Ebahie, elle lui dit :
— Qu'avez-vous donc là ?
— Ça ? mais c'est de l'esprit, répondit-il sans hésiter.
—Ah, dit-elle, Monsieur le curé me dit toujours qu'il m'en faudrait. Mettez m'en donc une miette !
Elle regardait vraiment tout cela comme une marchandise un jour de marché. Et, pour un peu, elle aurait discutaillé, chipoté et marchandé comme elle en avait l'habitude pour la viande et les légumes. Notre homme s'empressa de l'exaucer plus vite que Saint du paradis après neuvaine.

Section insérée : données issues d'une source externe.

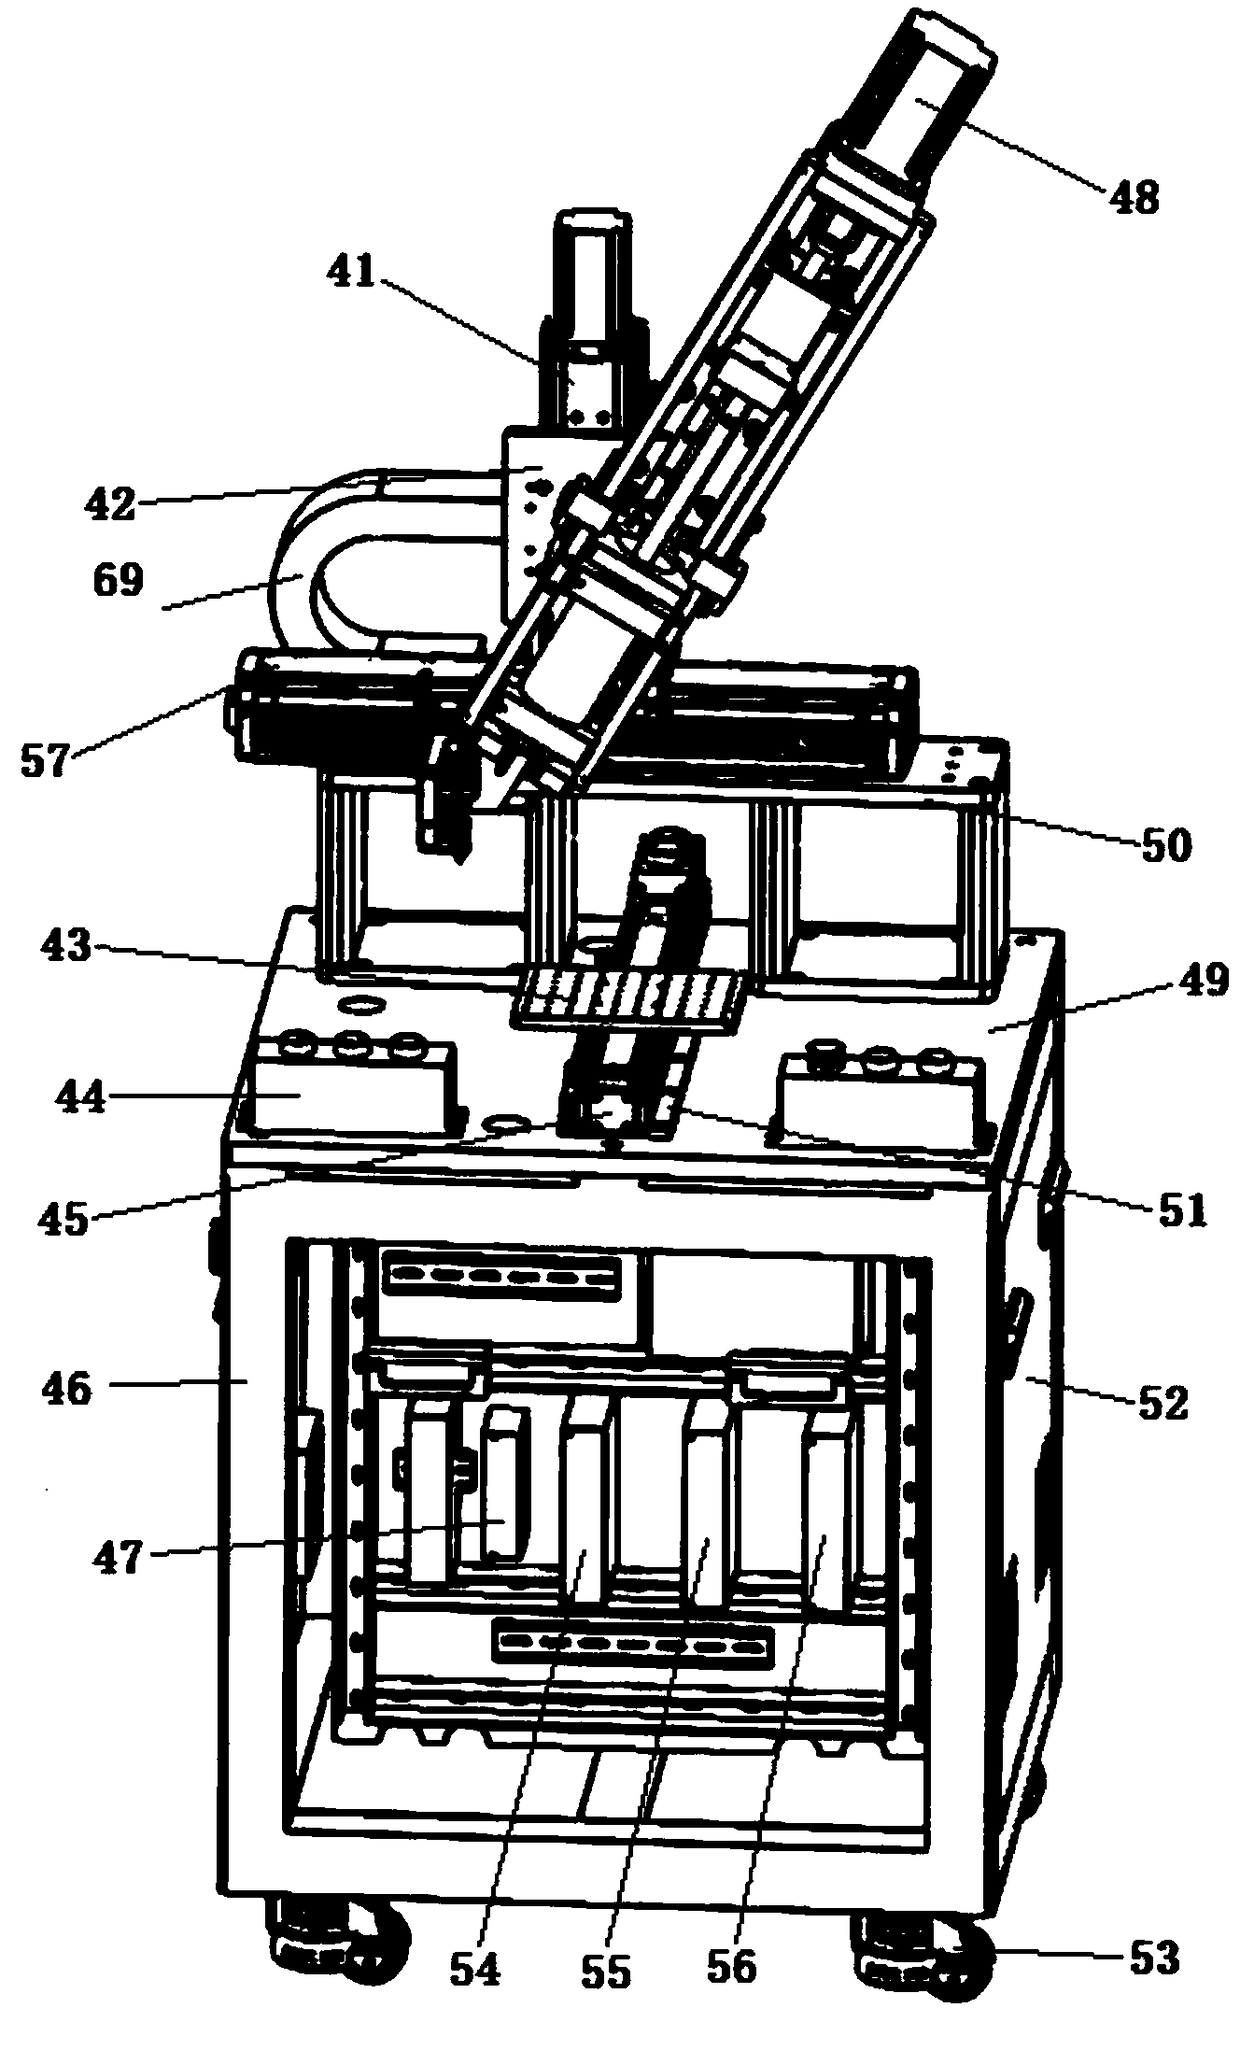 A three-axis Cartesian coordinate large-capacity dispensing machine
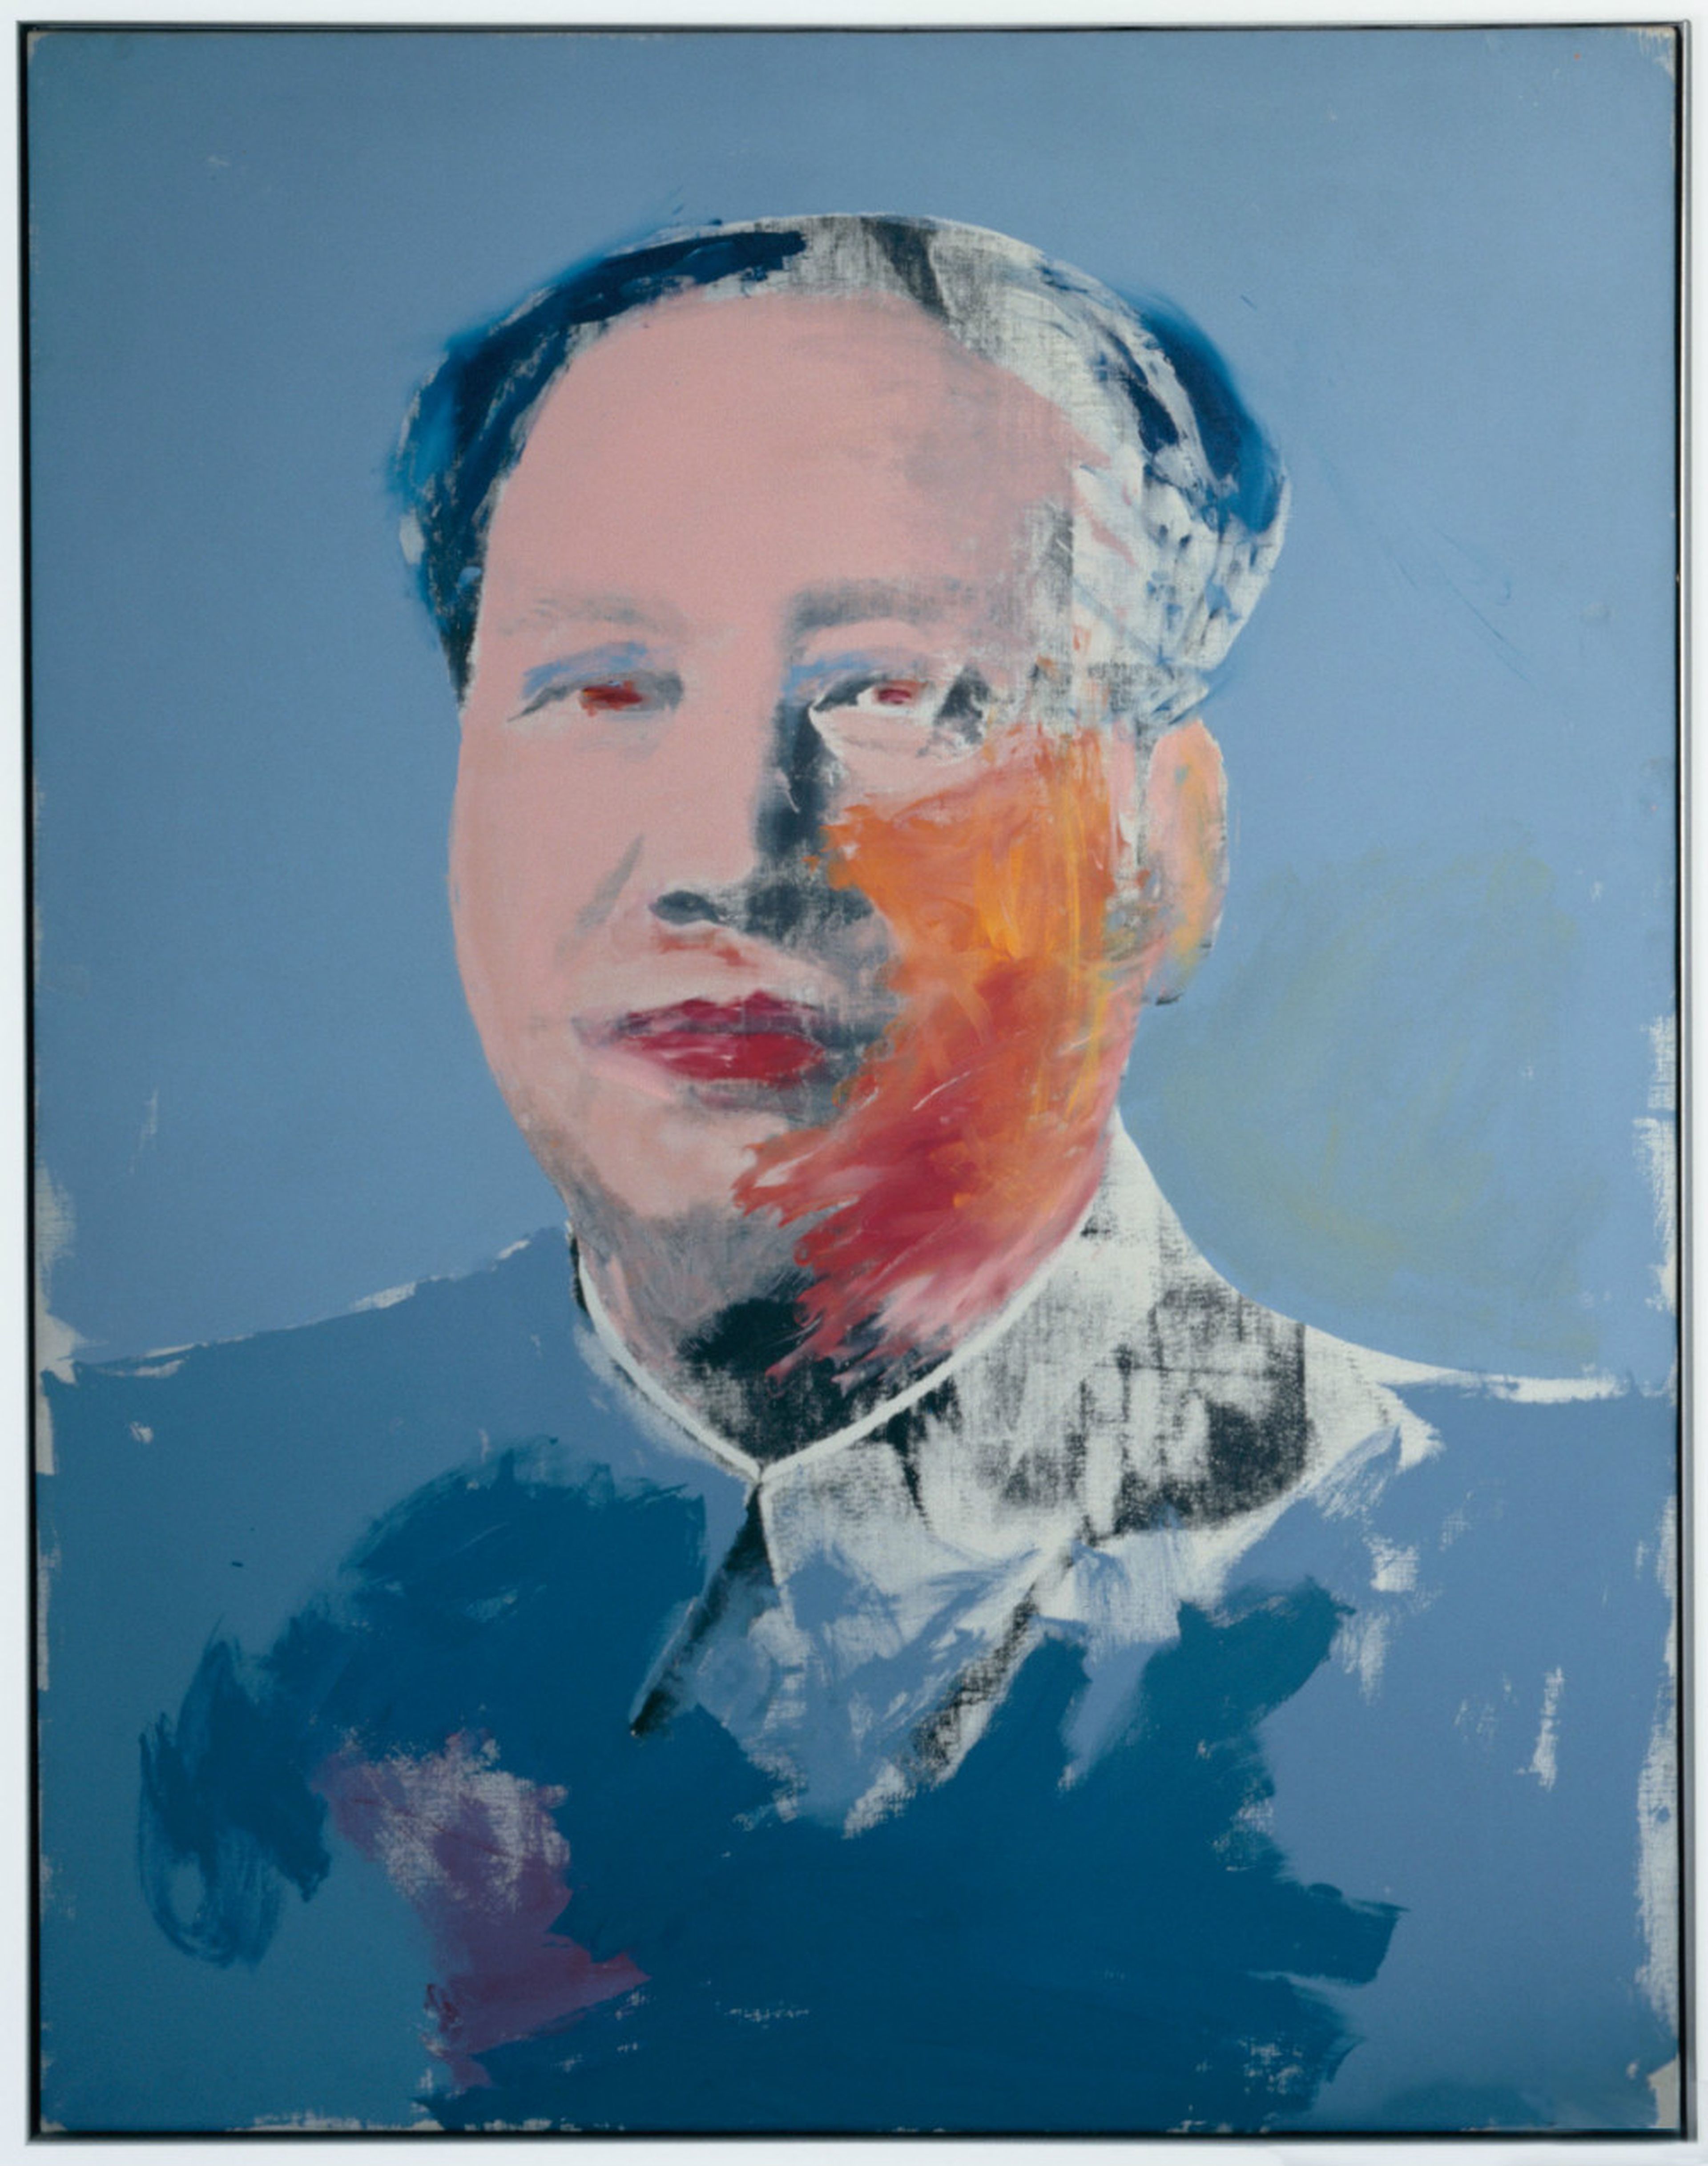 Warhol seleccionó una única imagen del líder comunista chino Mao Zedong, aprovechando la polémica mediática que rodeó la visita a China del presidente Richard Nixon en febrero de 1972.

Quand le père curé revint, il ne put que constater les dégâts : son jambon n'avait plus qu'un petit fond, retenu par une ficelle intacte.
Contrit, il ne jura pas... mais tout juste ! Il se dressa devant sa bonne, et lui dit, fort en colère :
— Tout de même, ma pauvre Marie, vous n'aurez donc jamais d'esprit ?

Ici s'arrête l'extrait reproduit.